Principal Deborah White saw the program as a kick-off to a year's worth of ongoing programming to help students and staff think of ways to support each other.

Already, the school is working with Shirley Edgerton, who works with Pittsfield's Youth Alive and Rites of Passage youth empowerment programs, and will also be seeking expertise from educators in the Berkshire District Attorney's Office.

She said she's also received a lot of support from both the parents of the victims of the racist remarks and the parents of the kids who made the remarks, and has asked parents of all the school's children to talk with their students about kindness and getting to know all different kinds of people.
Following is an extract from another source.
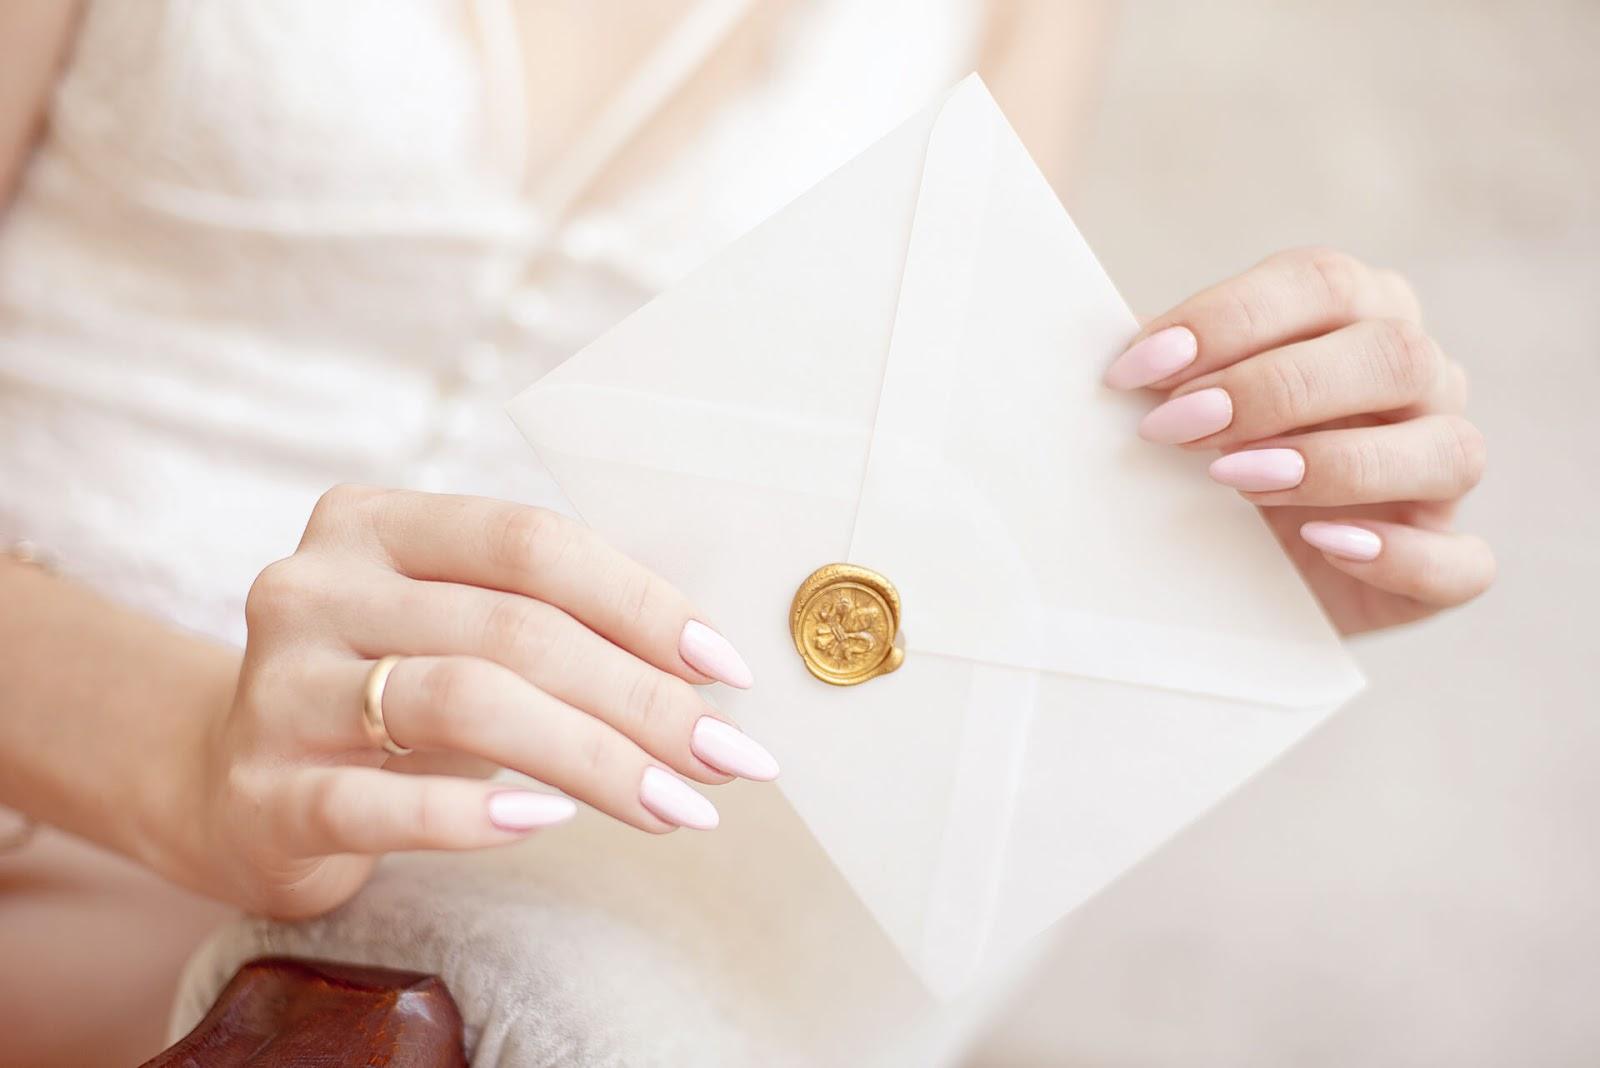 Hand holding an invitation

This week, White said there will be a staff training program to teach teachers how to respond to incidents such as racism or bullying.

The school will also revisit its anti-bullying policy, which was established in 2010, when the state anti-bullying law went into effect.

White said the school's also looking to bring in more community speakers and programs. "Part of it's exposure," she said. "We want [the kids] to be exposed to all different shades of skin color. We want them to understand that comments like the ones made do not set the right impression for people. We also want people in the community to help teach our kids, to come and read stories with them and spend some time on the playground with the kids."

Also new this year at the school is a "Buddy Bench." Installed over the summer and dedicated at the start of the school year in memory of Sam McGovern, a former student who passed away in 2011, at age 8, due to a rare childhood cancer.

The bench is a place for kids who go out to recess and might have a hard time finding a group to play with.

"Some kids don't mind walking around by themselves, but others might be too shy or intimidated to ask to play," White explained. Kids who feel this way can sit on the bench and other children and playground supervisors can know to go over to the child and introduce them to a group of students to play with.

"At this age, it's important to get more kids involved in positive socialization," White said.